Dan jatuhnya islam saling menyalahkan. Padahal, masalahnya kita belum menemukan satu titik pandang. Titik pandang itu adalah yang disebut ideologi islam. Ya, islam belum menemukan satu titik pandang itu. Yang mengemuka kini, ideologi islam itu malah identik dengsn kekerasan.
Apa sebab? Islam masih ada di wilayah yang orang lain buatkan untuk permainan dan bermain bagi islam sendiri.
Islam belum mampu membuat corak warnanya sendiri yang kondusif bagi generasinya tumbuh dengan warna agamanya yang penuh kasih.
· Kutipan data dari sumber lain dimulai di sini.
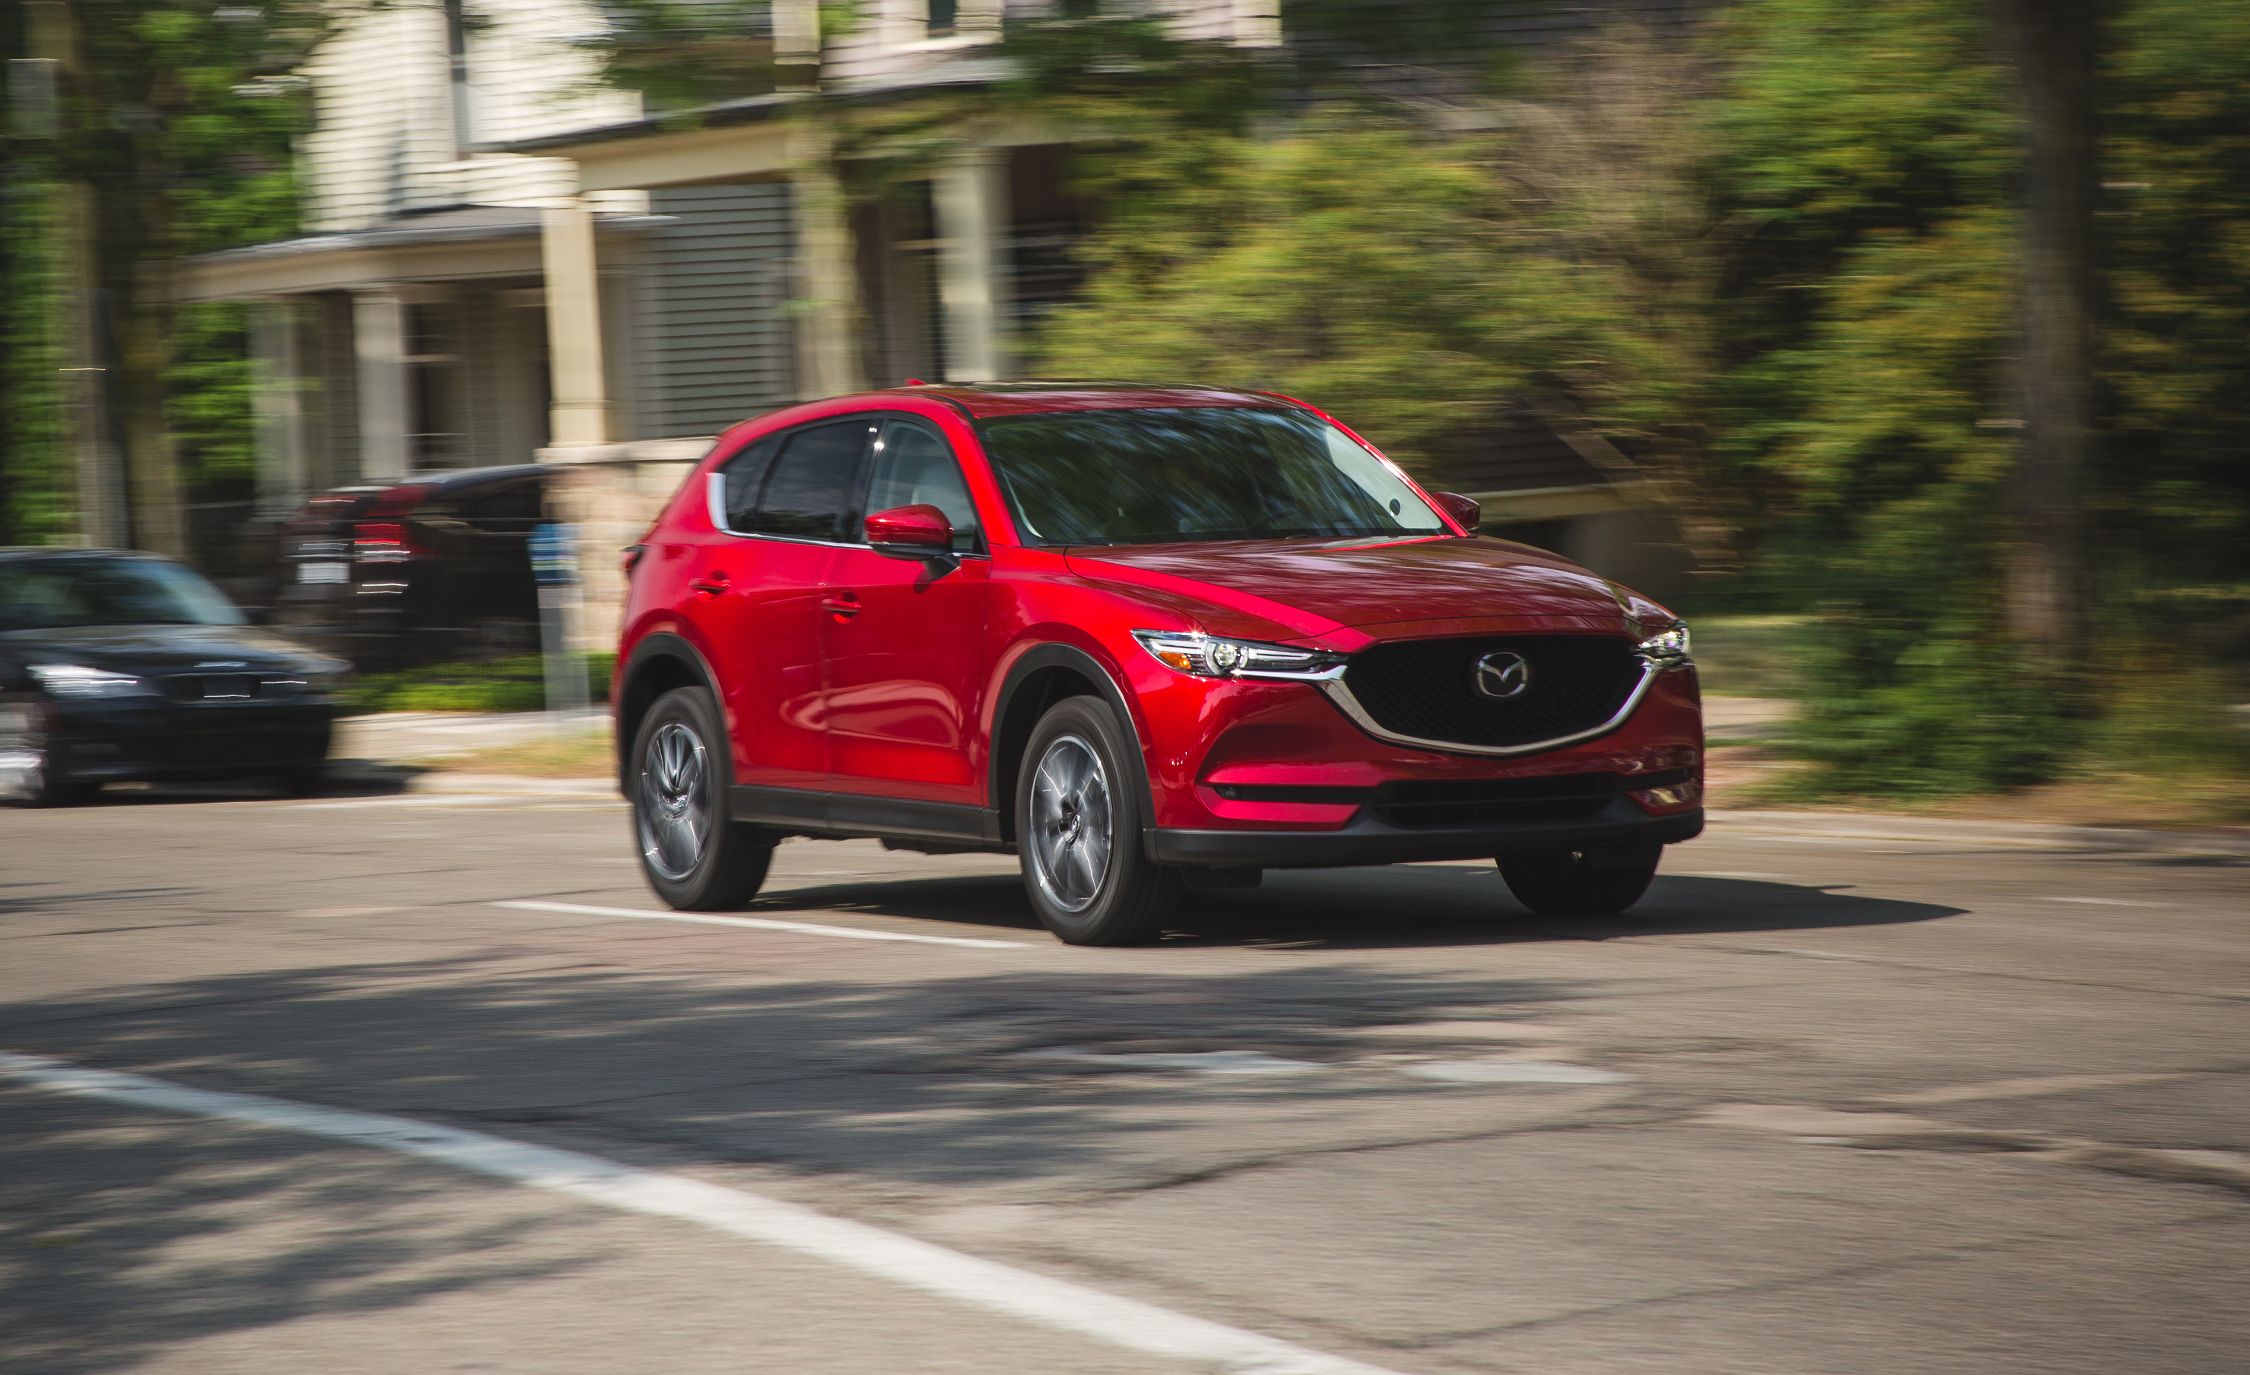 https://hips.hearstapps.com/hmg-prod/amv-prod-cad-assets/images/17q3/685270/2017-mazda-cx-5-awd-instrumented-test-review-car-and-driver-photo-685352-s-original.jpg

Apa wilayah yang orang lain buatkan untuk bermain bagi umat islam sendiri itu? islam masih berada dalam lingkup pemikiran survival of the fittest nya Darwin dan homo homini lupus yang dalam kekinian selayaknya sudah tidak terpakai.
Ketika bangsa-bangsa lain berperang hanya demi bertahan hidup, mestinya islam dengan sesama islam tidak melakukan hal itu dan sebaliknya harus menjadi makhluk yang homo homini socius, lebih memilih saling mengasihi serta berbagi.
Dan sekali lagi itu hanya bisa jika islam sudah menemukan satu titik pandang yang sama. Sebuah ideologi bersama yang mampu membimbing umat islam sendiri ada dalam kesatupaduan yang utuh yang penuh cita-cita makmur bahagia dan bermanfaat bagi kebaikan dunia.
Sayangnya, islam dengan segala kondisi masyarakat dan pemimpin berikut para calon pemimpin yang sudah gembar-gembor mencalonkan diri di kontestasi pilpres Indonesia tahun 2024 dekat ini, belum mampu menemukan atau menunjukkan ideologi yang bisa menjadi titik pandang bersama tersebut.
Namun kita akan terus berusaha, menanti dan mencari sampai satrio pembawa nurbuwah itu muncul untuk mudah dilihat halayak, di tengah hiruk pikuk calon yang meng-elukan diri tanpa substansi. Atau haruskah sampai kita menonjol-nonjolkan diri kepada khalayak bahwa generasi kitalah sebenarnya itu?Wallahua’lambissawab.